Sempat terlintas di kepala pertanyaan semacam itu. Maklum, usia hampir masuk seperempat abad, dimana pertanyaan-pertanyaan "kapan nikah" sudah akrab sekali di telinga.

Lalu bermunculanlah berbagai macam bentuk perhiasan dan aneka rupa benda yang lazim dibawa untuk seserahan. Tapi kok ternyata nggak ada yang cocok yaa. Cincin, kalung, seperangkat make up atau skin care, pakaian dan lainnya memang menggoda. Namun, kalau kata Marie Kondo semua benda-benda itu ndak menimbulkan "sparkling joy". Sempat bertanya tanya juga ke diri sendiri : terus aku tu maunya apa?  

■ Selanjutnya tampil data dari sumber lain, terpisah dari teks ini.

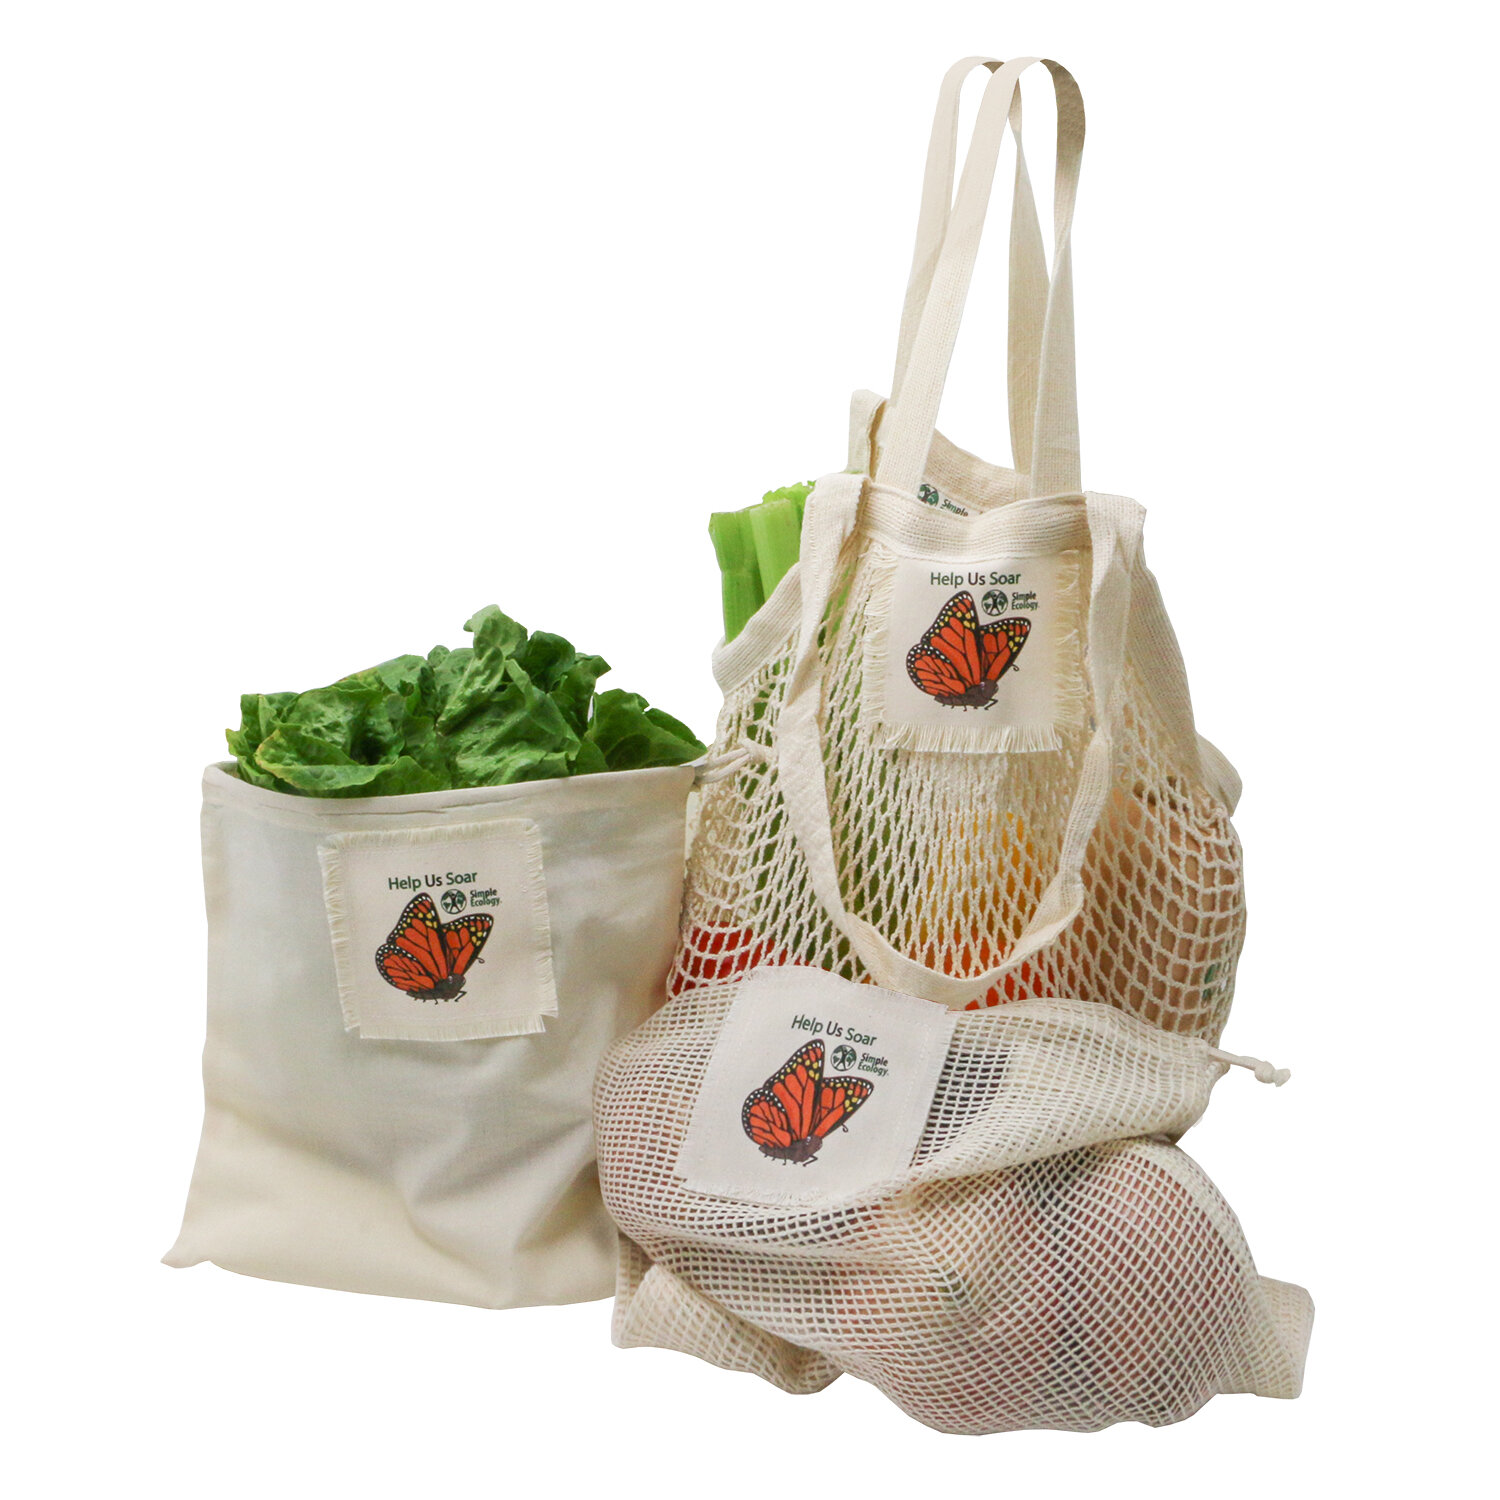 Fruit & Veggie Themed Tote Bag & Pouch Set

Sampai akhirnya, jawaban pertanyaan itu adalah buku. Tumpukan kertas yang disatukan dan nggak membuat cantik serta mulus itu malah jadi hadiah yang paling aku inginkan. Jadi, lahir di tengah keluarga yang mengedepankan pendidikan membuat aku hari ini merasa punya privilege. Yaa meskipun tidak berbentuk materi, ternyata suka membaca ini jadi semacam a step forward buat aku. Ketika banyak orang harus berusaha keras membiasakan membaca, aku sudah melakukannya bahkan sebelum sadar kalau membaca itu penting. Ketika banyak orang masih mati matian berusaha mencintai buku, aku sudah memastikan buku jadi bawaan wajib ketika pergi. Ada masa dimana aku tidak menyadari bahwa membaca adalah sebuah privilege yang tidak semua orang dapatkan. Seorang kawan bertanya "kok bisa sih kamu suka baca?" pada suatu hari dan aku ndak bisa menjawab karena selama ini, suka membaca aku lakukan tanpa usaha tertentu. Ternyata, semua ini ada asal muasalnya.

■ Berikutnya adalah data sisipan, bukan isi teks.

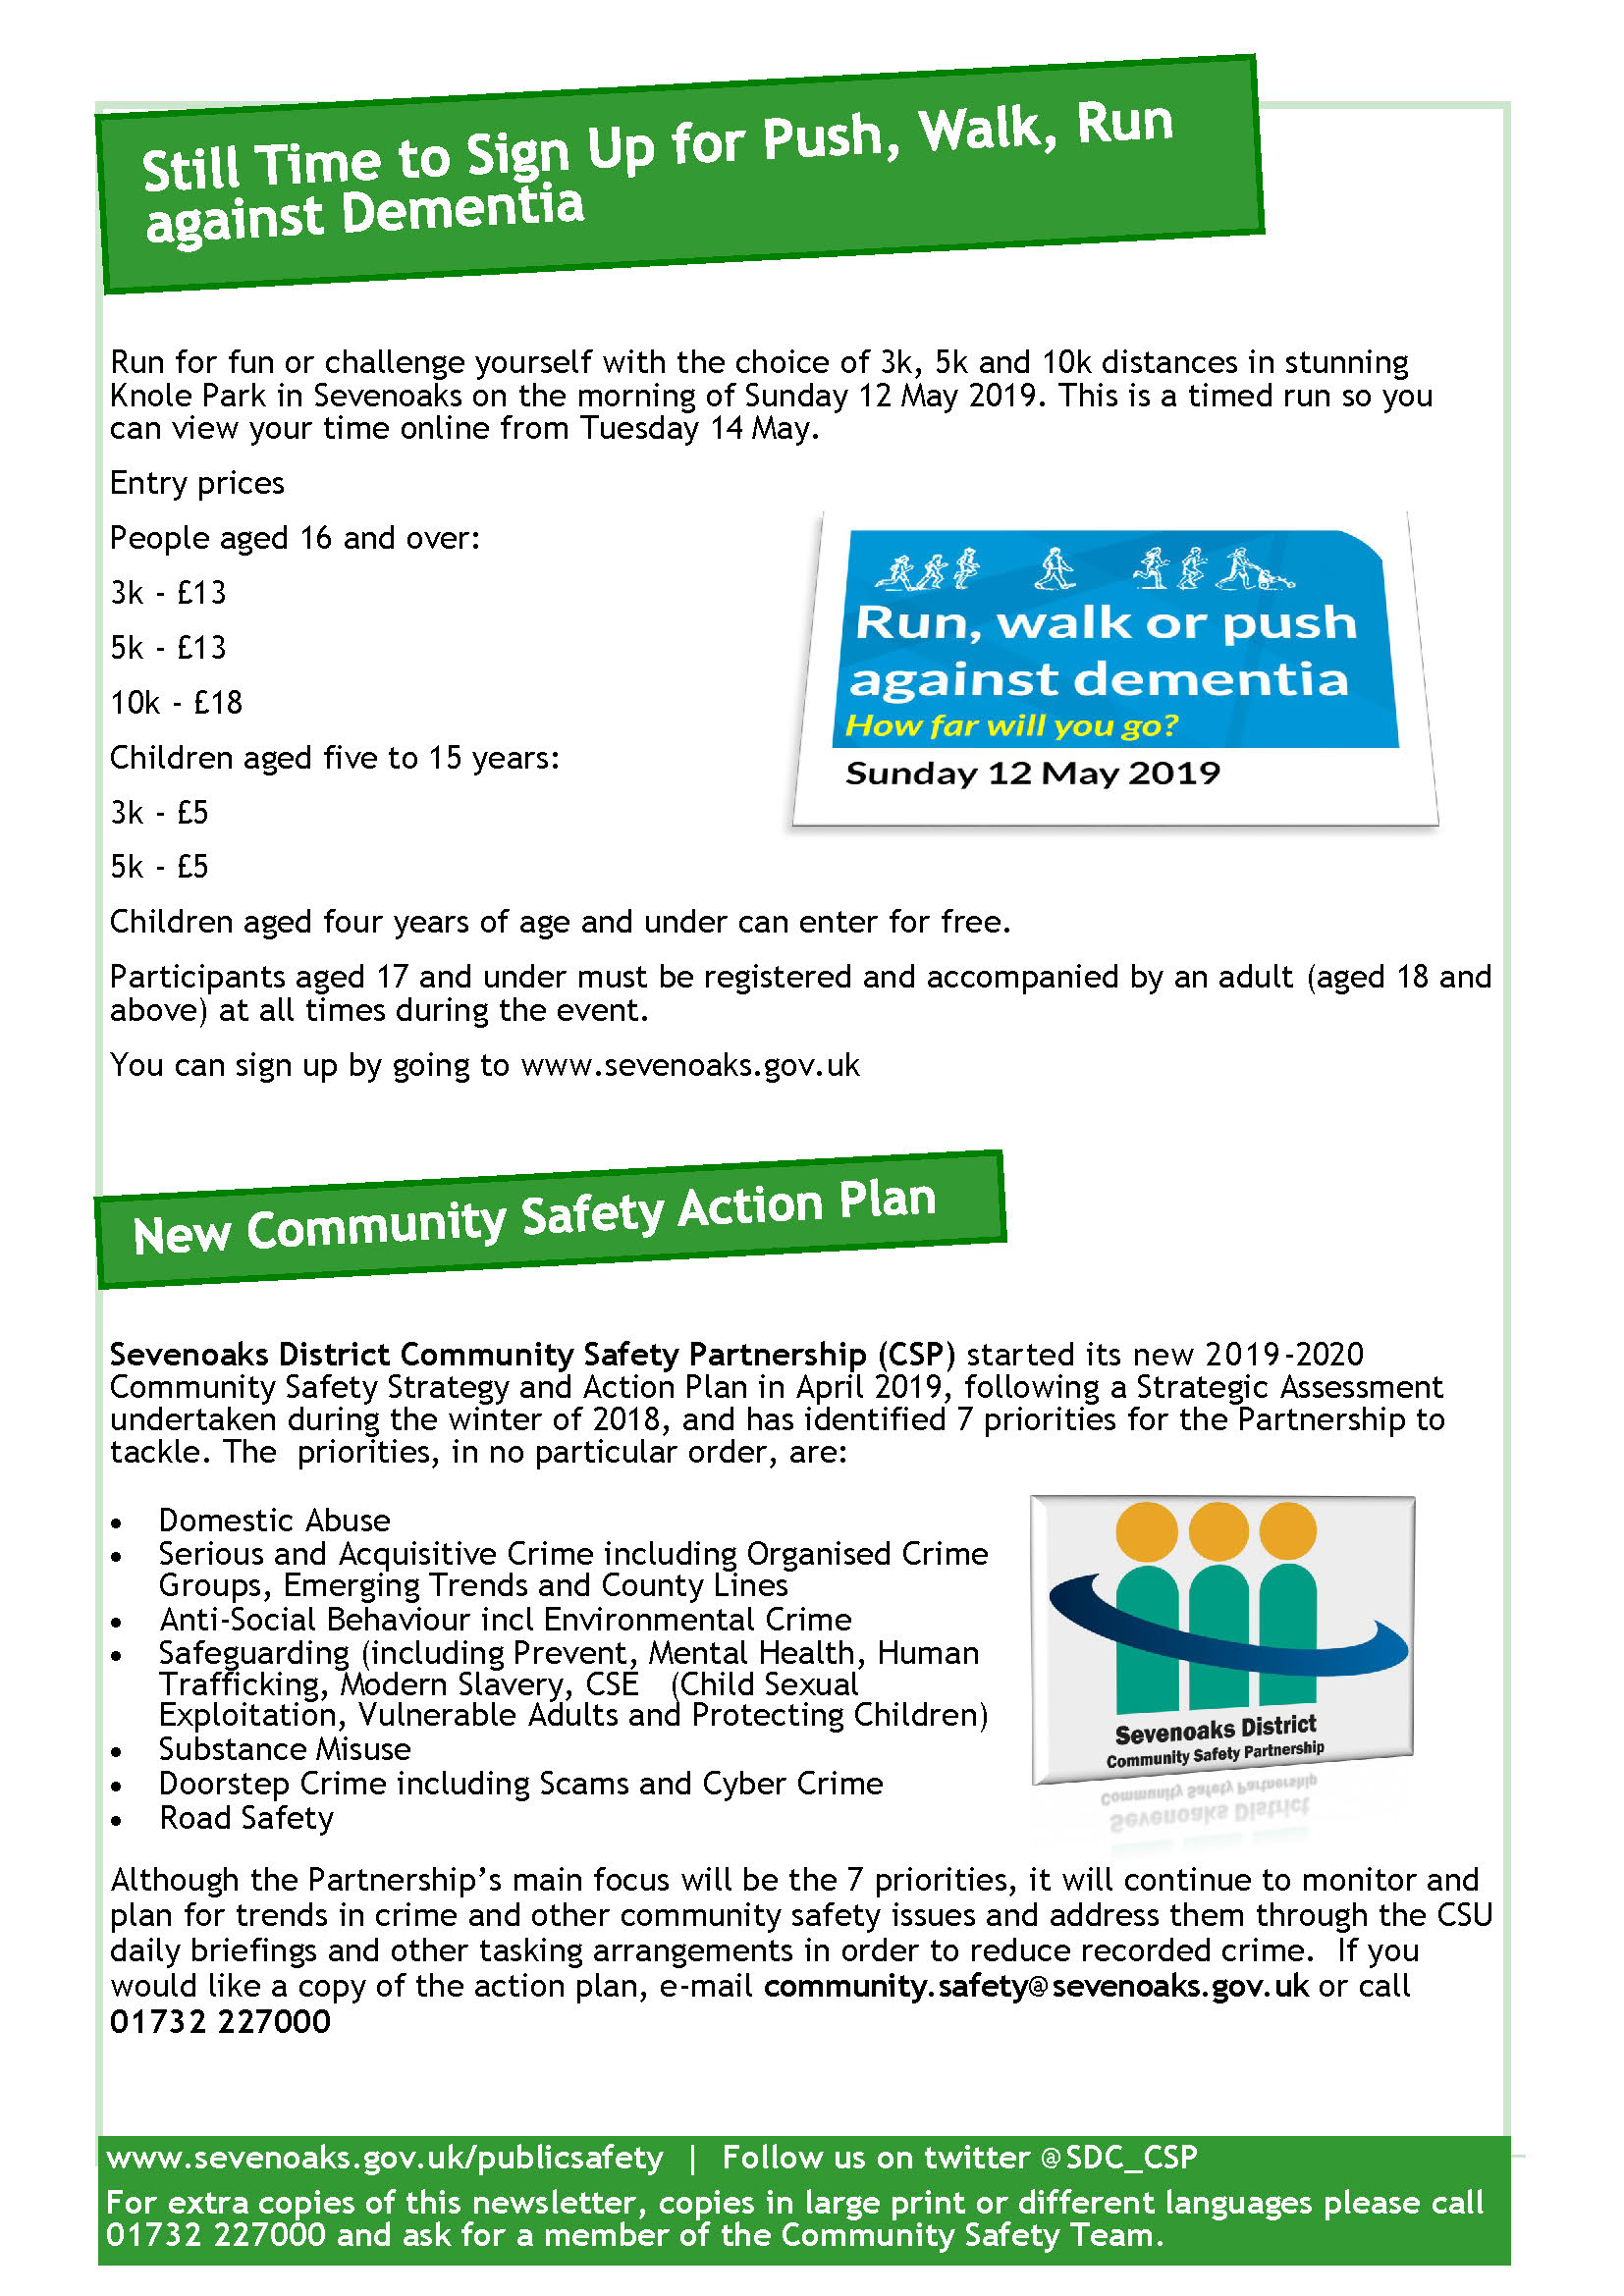 Dunton Green Parish Council Community Safety Unit - News & Advice

Waktu aku di usia Taman Kanak-Kanak dan Bapak masih berstatus mahasiswa S2 di Jogja, komunikasi yang dilakukan Ibuk sama Bapak hanya sebatas berkirim surat. Aku masih ingat ada beberapa surat dari Bapak yang isinya 2 macam. Satu tulisan tangan, satu lagi diketik pakai komputer. Yang tulisan tangan untuk Ibuk karena cuma Ibuk yang bisa baca tulisan bersambung waktu itu. Satunya lagi untuk dibaca sama aku dan Aban. Dulu yang aku merasa biasa saja, orang Ibuk dapet surat ya wajar dong kalau anaknya juga dapet. Lalu hari ini aku sadari kalau ternyata itu jadi salah satu alasan kenapa hari ini aku berani menjadikan buku sebagai bagian hidupku. Yang dilakukan Bapak secara nggak langsung membuat anak-anaknya jatuh cinta pada membaca. Saat itu yang membuat "nagih" adalah sensasi menunggu surat Bapak dan menanti cerita apalagi yang harus kita baca. Ternyata di balik itu muncul kebiasaan membaca yang tidak sadar terbentuk.

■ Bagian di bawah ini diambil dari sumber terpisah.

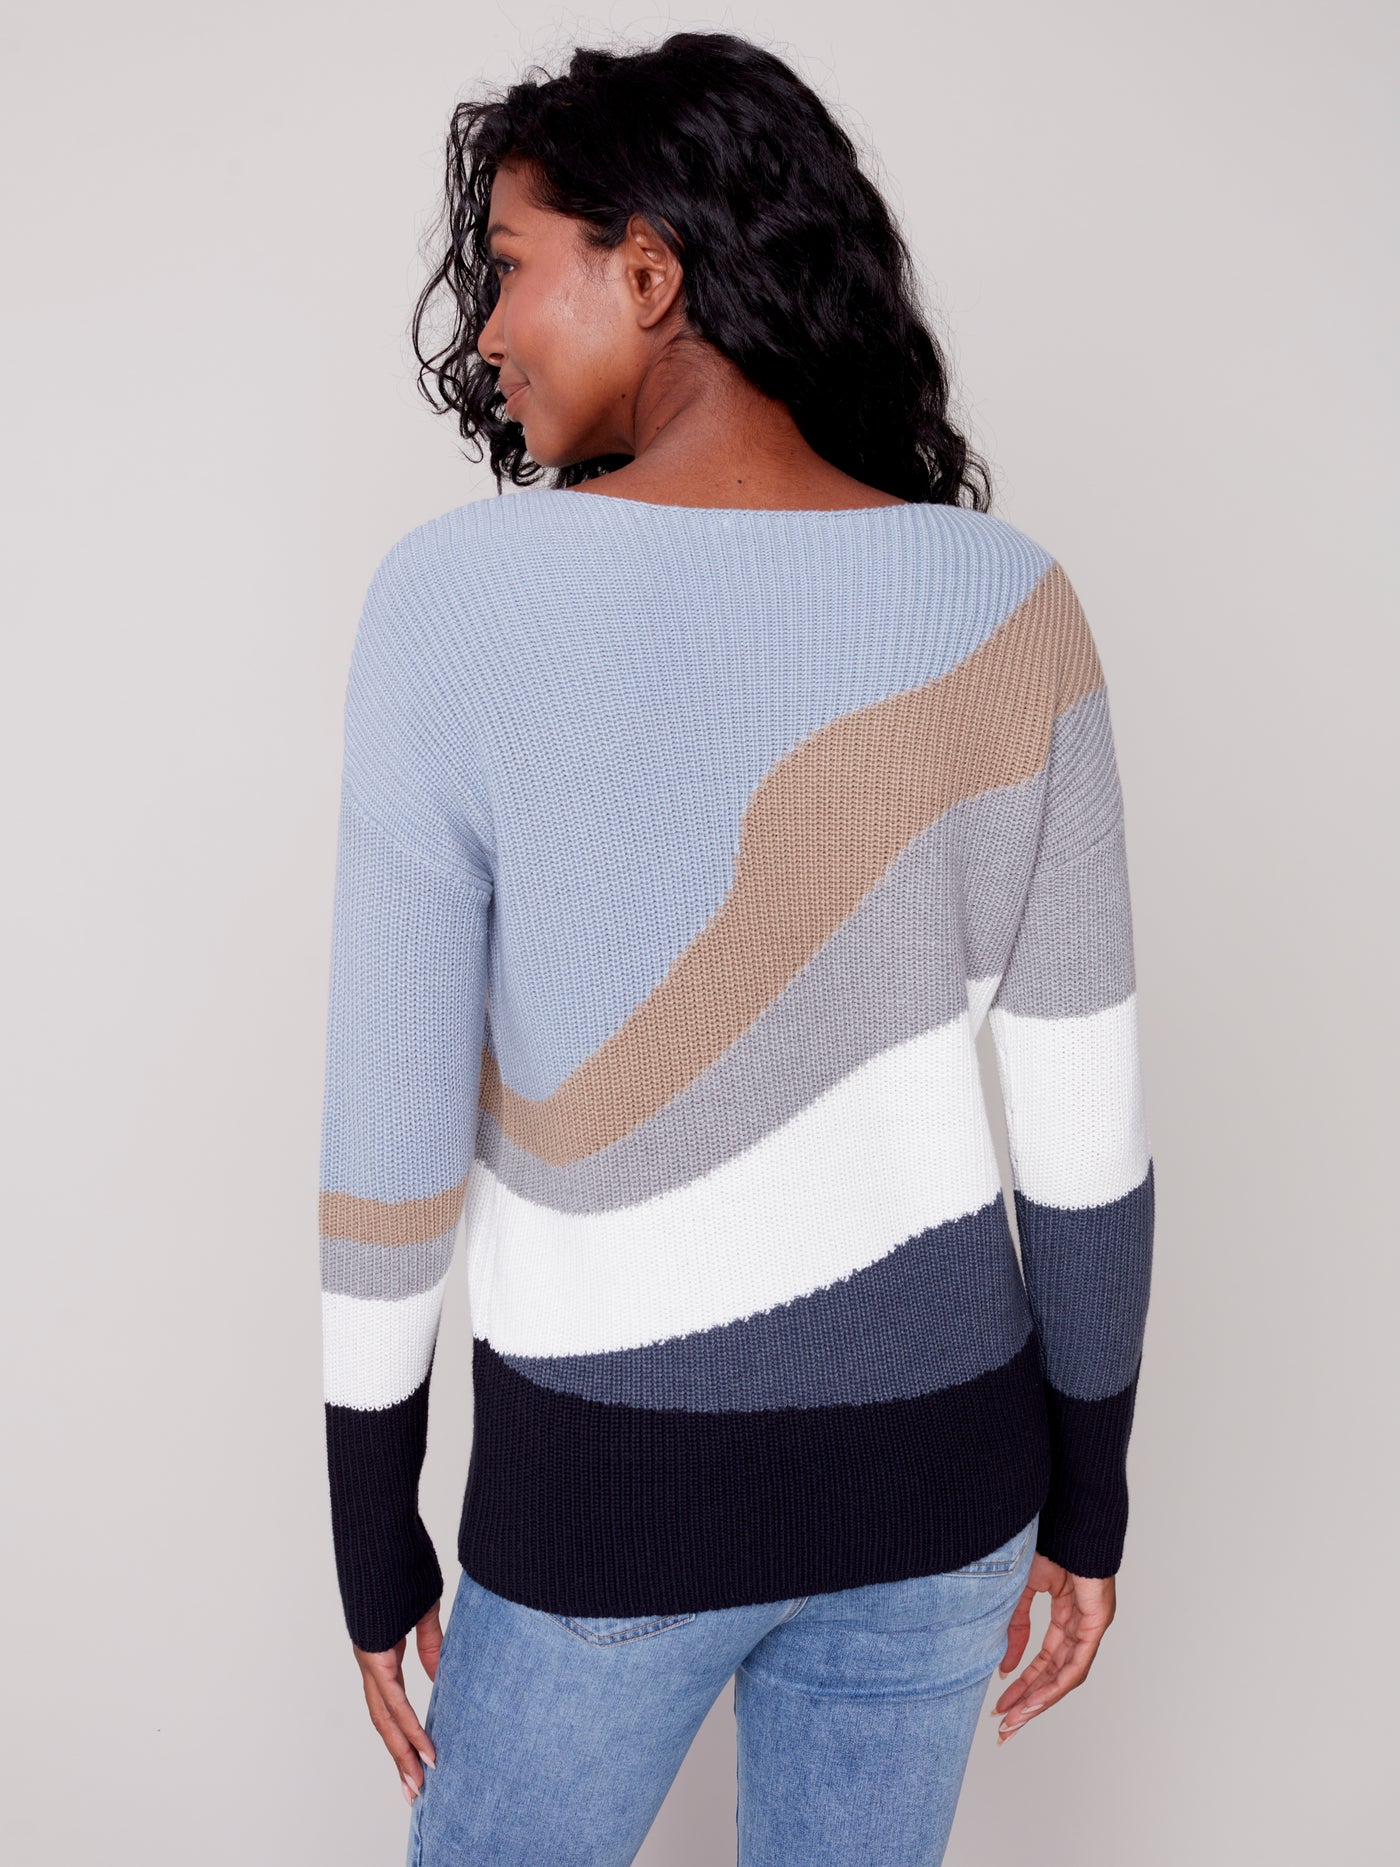 Charlie B Top - Colour Block Sweater - Blue /Multi

Selain surat, Bapak juga selalu membawa majalah sebagai buah tangan. Majalah Bobo dan Ino (yang lalu berganti jadi Ina) hampir jadi bawaan rutin. Kalau rezekinya lagi bagus, Bapak belikan majalah baru. Kalau nggak mampu beli baru ya beli yang bekas. Itupun aku tetap senang sekali, lebih senang dibanding dibawakan bakpia! Majalah baru atau bekas, pokoknya aku suka semua. Ndak tau Bapak sengaja atau tidak soal surat dan oleh-oleh majalah ini, yang pasti efek yang aku rasakan cukup besar terhadap kecintaan aku kepada buku. Ketika ada uang lebih, aku bisa menahan diri untuk beli pakaian baru dibanding menahan diri untuk beli buku. 

Dua cerita di atas adalah cerita "praktikum membaca" dari Bapak. Ada masa pelatihan yang dilakukan entah berapa lama oleh Ibuk. Mungkin mereka ini sudah bikin grand design buat membentuk kecintaan membaca anak-anaknya. Wajar, aktivis organisasi harus tertib memanajemen apapun termasuk masa depan buah hati. Jangan-jangan surat tulisan tangan yang aku nggak bisa baca itu isinya koordinasi mereka. Bagi tugas : Ibuk melatih aku dan adikku baca setiap hari, Bapak yang tugas kasih post-testnya. Karena yang terjadi adalah, dulu itu aku bosan sekali belajar baca terus, apalagi kalau Ibuk udah marah-marah gara gara salah sebut kata atau kalimat. Kawan-kawanku main, aku malah disuruh duduk menghadap Ibuk dan latihan membaca susunan huruf-huruf  di bukunya Mbah As'ad Humam. Informasi, Mbah yang satu ini selain menulis buku Iqro legendaris itu, juga menulis buku latihan membaca tanpa mengeja. Wah, tapi kembali lagi ke asumsi jangan-jangan Bapak sama Ibuk ini udah rapat terbatas membahas strategi ngajarin baca tulis ke anaknya sesuai dengan SOP yang berlaku. Formulasinya harus betul-betul disesuaikan agar goal settingnya tercapai. Karena gimanapun bosannya aku, tetap aja selalu semangat buat membaca rangkaian-rangkaian huruf yang ada. Tetap saja bahagia kalau dibelikan bacaan baru. 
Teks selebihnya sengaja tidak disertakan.